Questions for anyone who can help:
1 - will the offshoot of flow be TOO low?
2 - will this affect my filter or overall flow too much?
3 - anyone done similar - and have advice?


----------



## ropate (Mar 12, 2009)

I set up the ISTA turbo max reactor last night. I added a bubble counter to the c02 line before it enters the chamber. All seems ok, the ph is still quite low and no bubbles being expelled, however the bubble rate through the counter is all over the place. Its completely irregular whether i reduce the pressure or not. Alternates between a couple quick bubbles then drops to about 2 per second then speeds up again. It seems that the water flow rate through the reactor is affecting the bubble rate.

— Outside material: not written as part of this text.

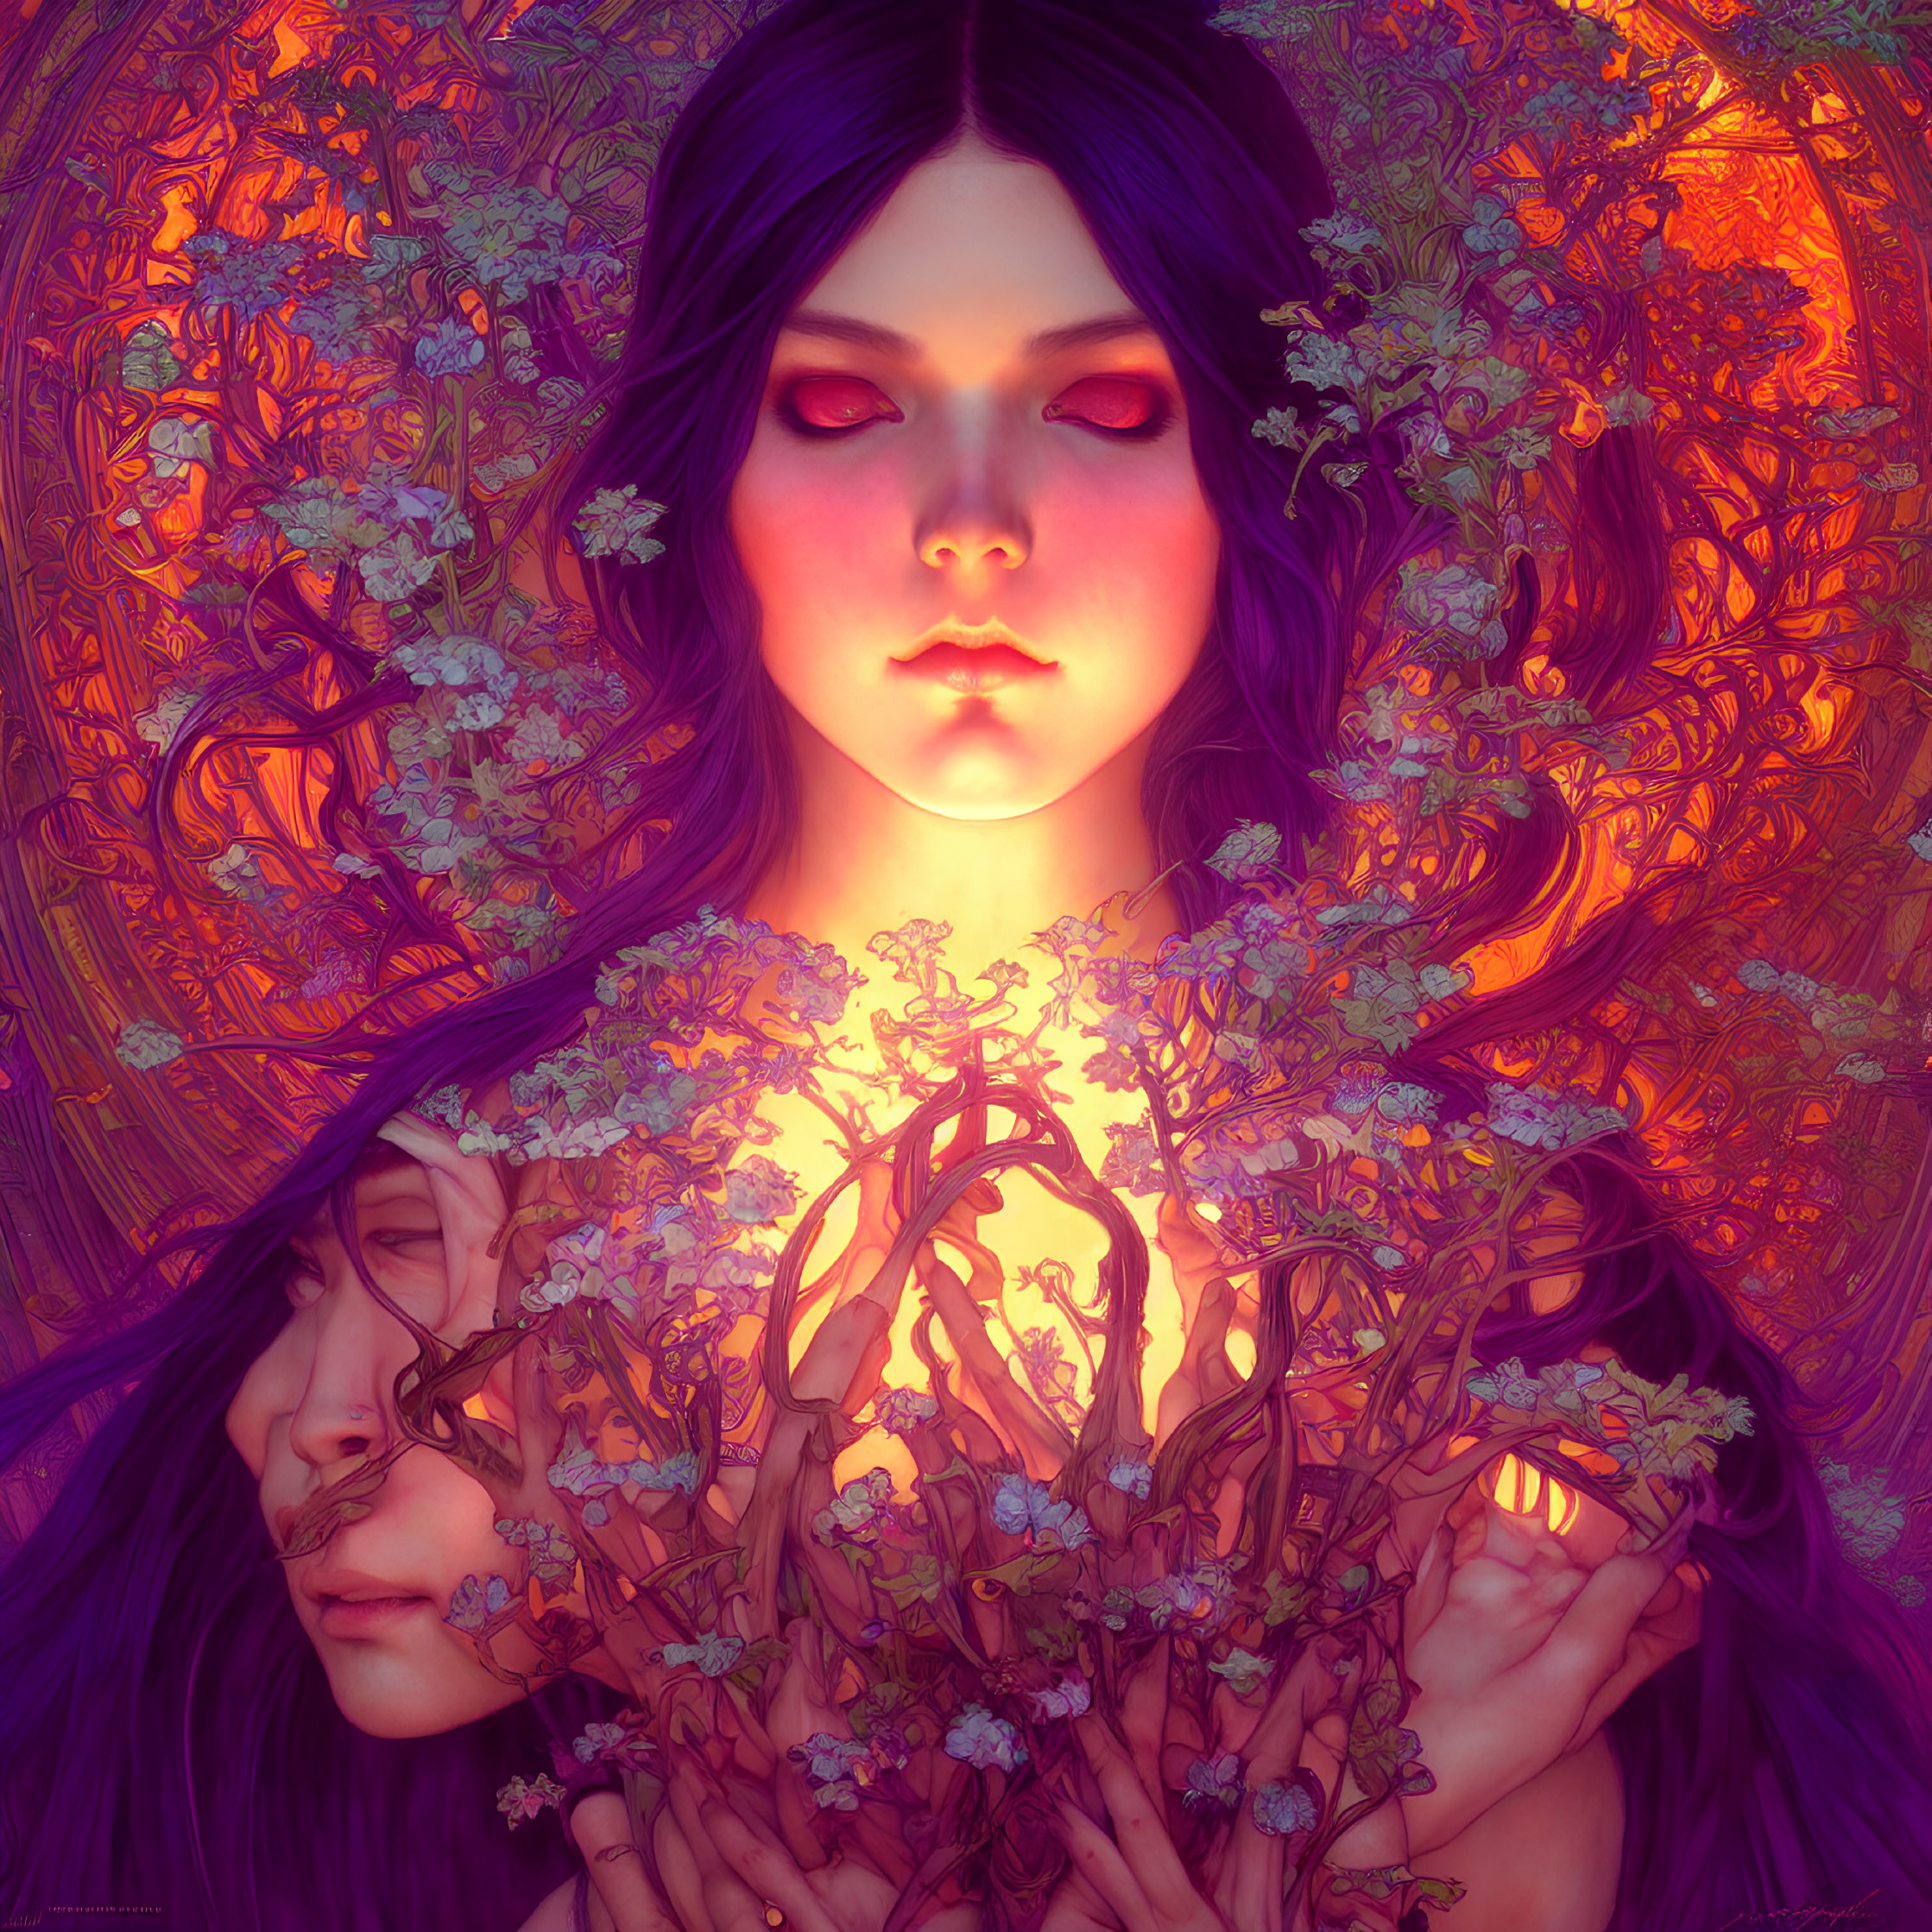 Vivid illustration of person with purple hair and glowing hands amidst intricate floral patterns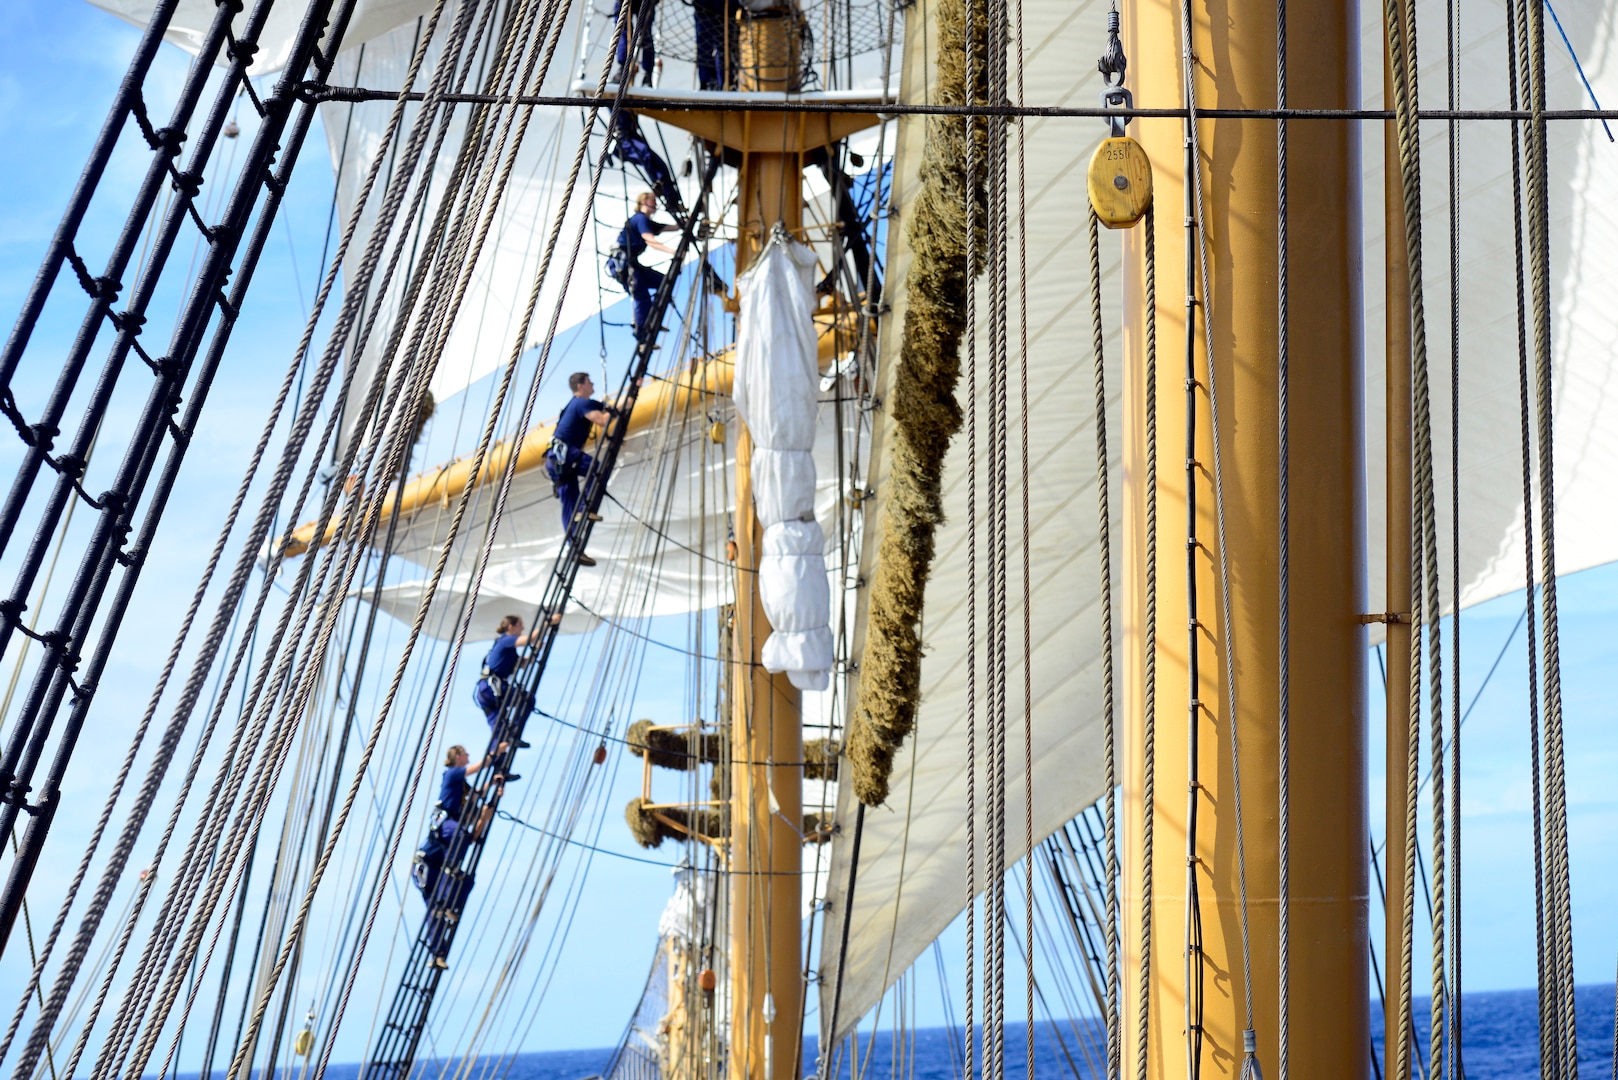 The crew and Coast Guard Academy cadets assigned to Coast Guard Cutter Eagle set sail stations in the Caribbean Sea on May 31, 2018. The 295-foot Barque Eagle is the flagship of the U.S. Coast Guard and serves as a training vessel for cadets at the Coast Guard Academy.

Have i put the bubble counter in the wrong place?


----------



## ropate (Mar 12, 2009)

so, the loop adventure is over, trialled it and the flow just bypassed the loop. without the flow, the reactor got air buidlup and stopped spinning. So, pulled it out, bought the Sera 500 with the right hose size and a better bubble counter and its all running perfectly with good flow! Ergo, i have an ISTA Turbo max reactor to sell


----------



## yunney (Oct 4, 2014)

I heard that the gaseous Co2 is easier to be absorbed by plants than dissolved Co2


----------



## ropate (Mar 12, 2009)

yunney said:


> I heard that the gaseous Co2 is easier to be absorbed by plants than dissolved Co2


if you are referring to gas injected co2 as opposed to liquid carbon like Seachem Excel, then you're right.


----------